Supplied material below:

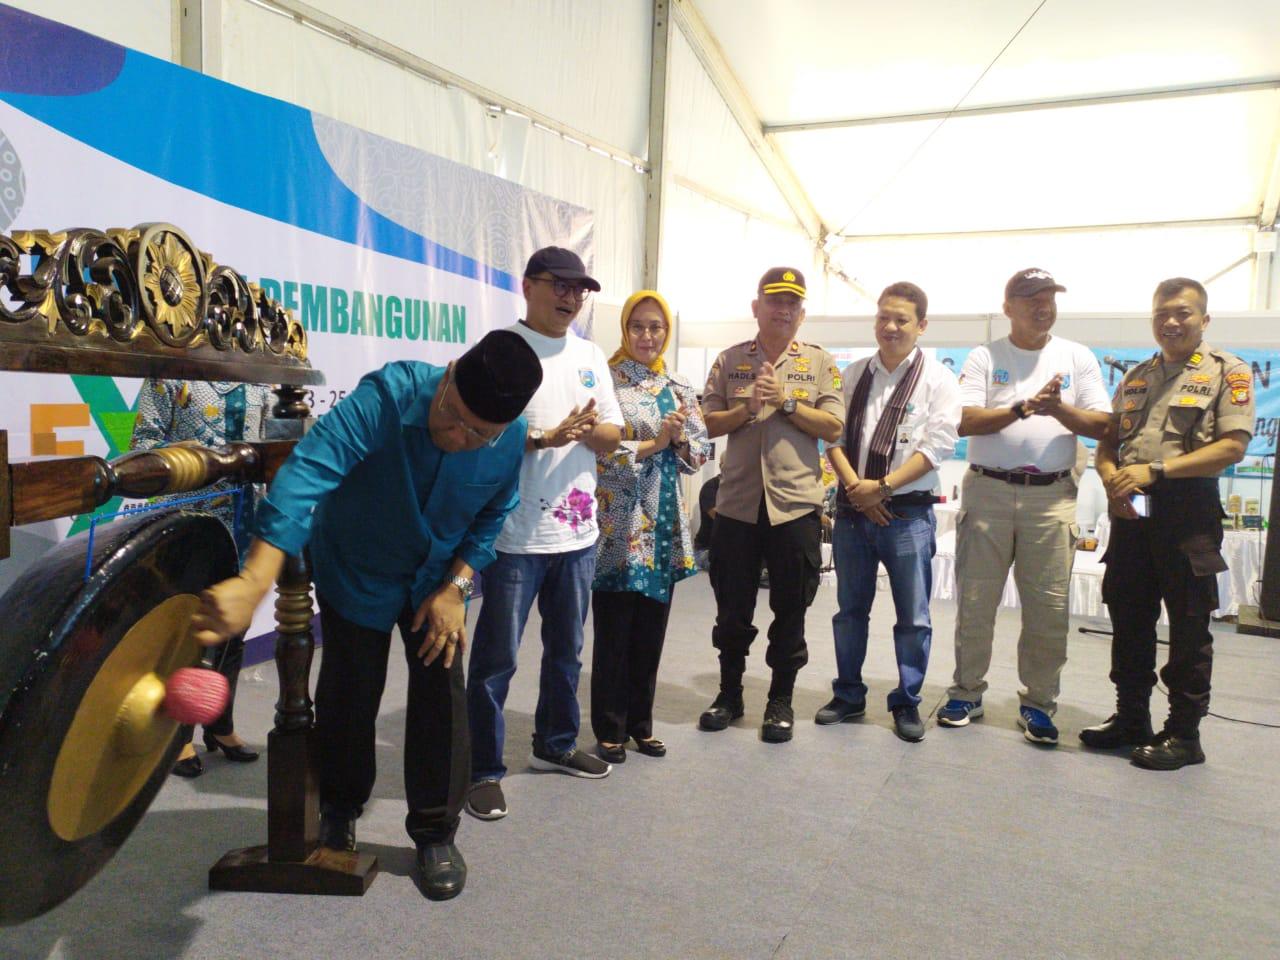 Kegiatan pameran pembangunan Kota Tangerang Selatan di Lapangan Skadron 21 Sena, Jalan Raya Pondok Cabe, Pamulang, Tangsel, Sabtu (23/11/2019).
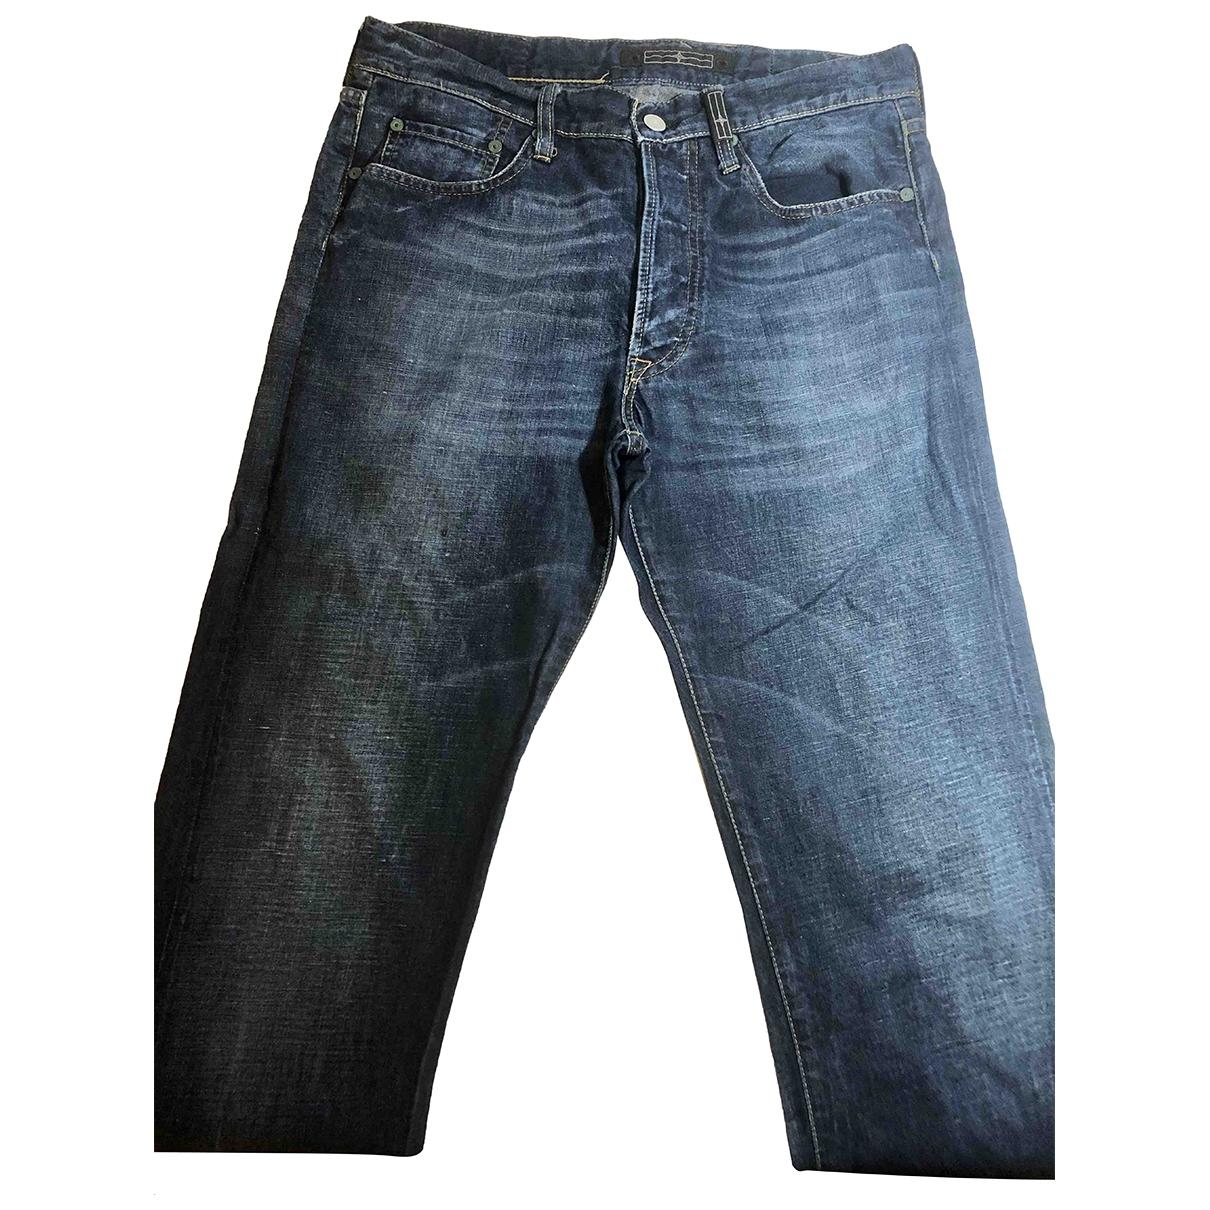 Stone Island \N Blue Cotton - elasthane Jeans for Men 32 US
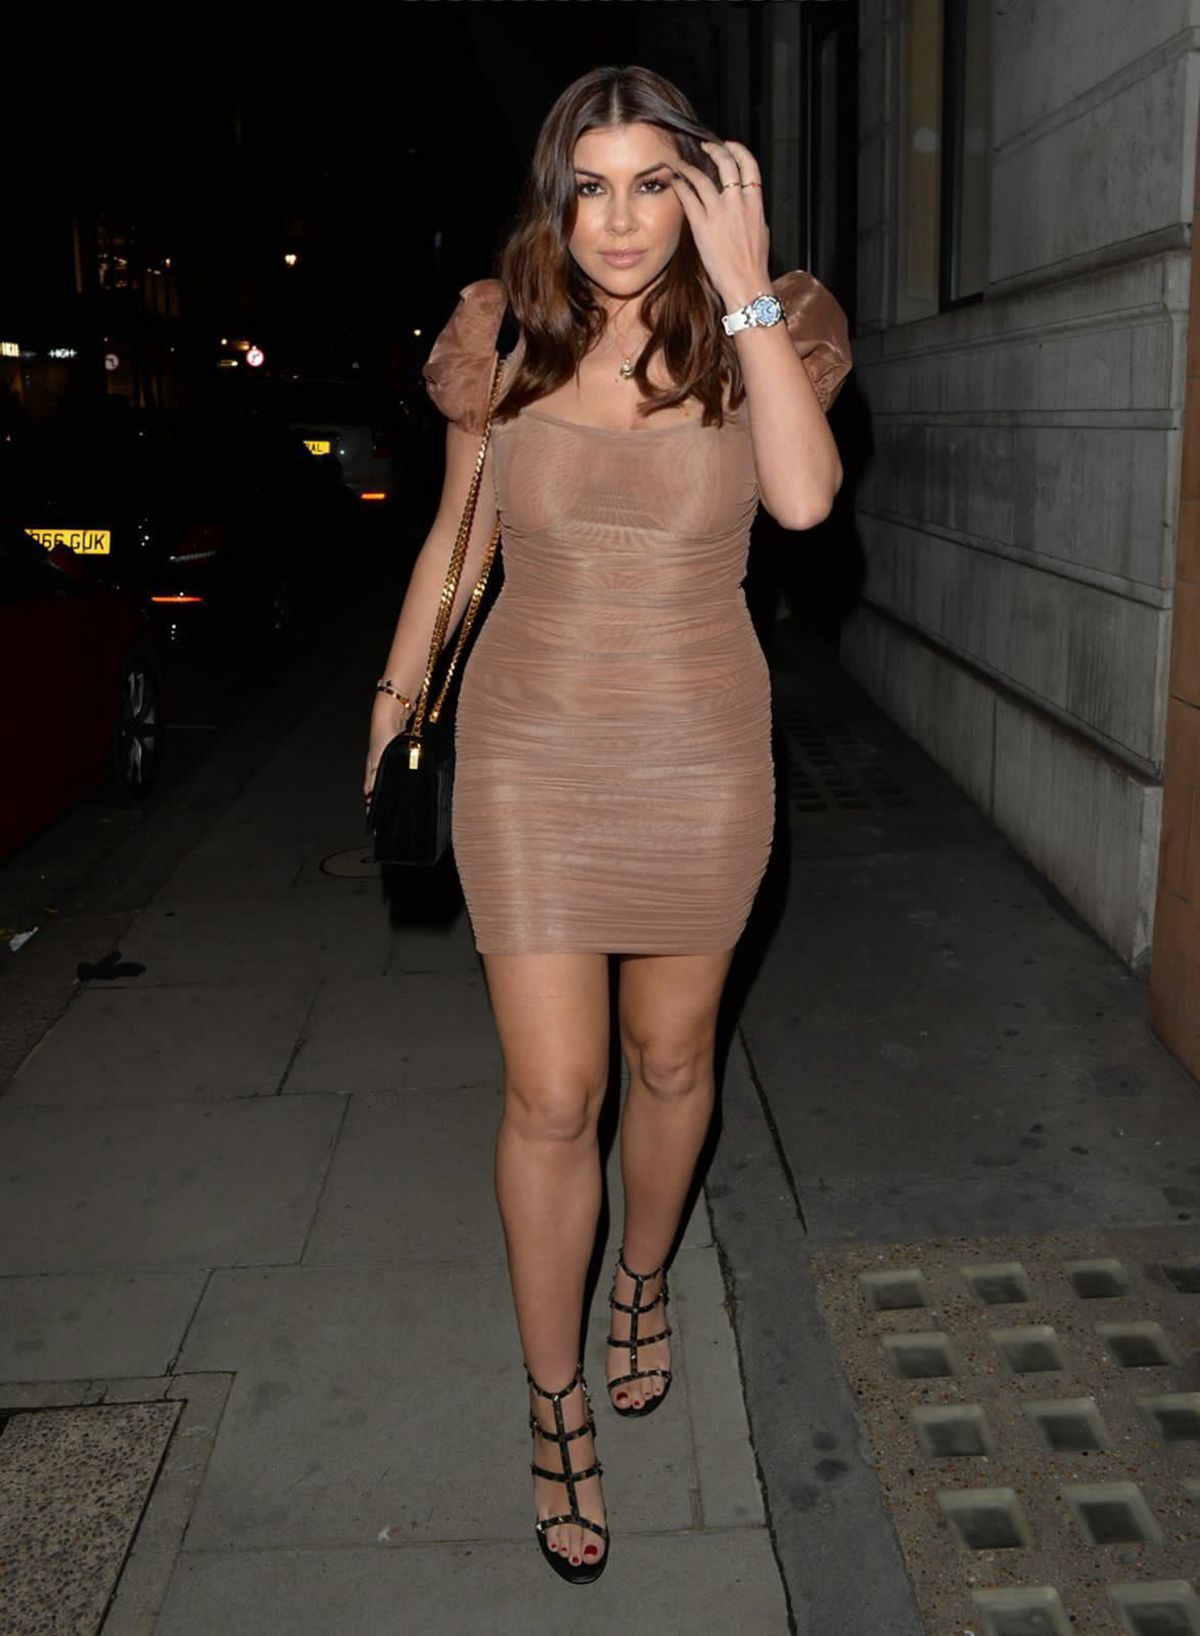 IMOGEN THOMAS in a Tight Dress at Bagatelle in London 12/06/2020 –  HawtCelebs

End of Supplied material.

- To do -
Down to the final line, restate the material above word for word, but omit its pictures.

- Response for this exercise -
 Kegiatan pameran pembangunan Kota Tangerang Selatan di Lapangan Skadron 21 Sena, Jalan Raya Pondok Cabe, Pamulang, Tangsel, Sabtu (23/11/2019).
 Stone Island \N Blue Cotton - elasthane Jeans for Men 32 US
 IMOGEN THOMAS in a Tight Dress at Bagatelle in London 12/06/2020 –  HawtCelebs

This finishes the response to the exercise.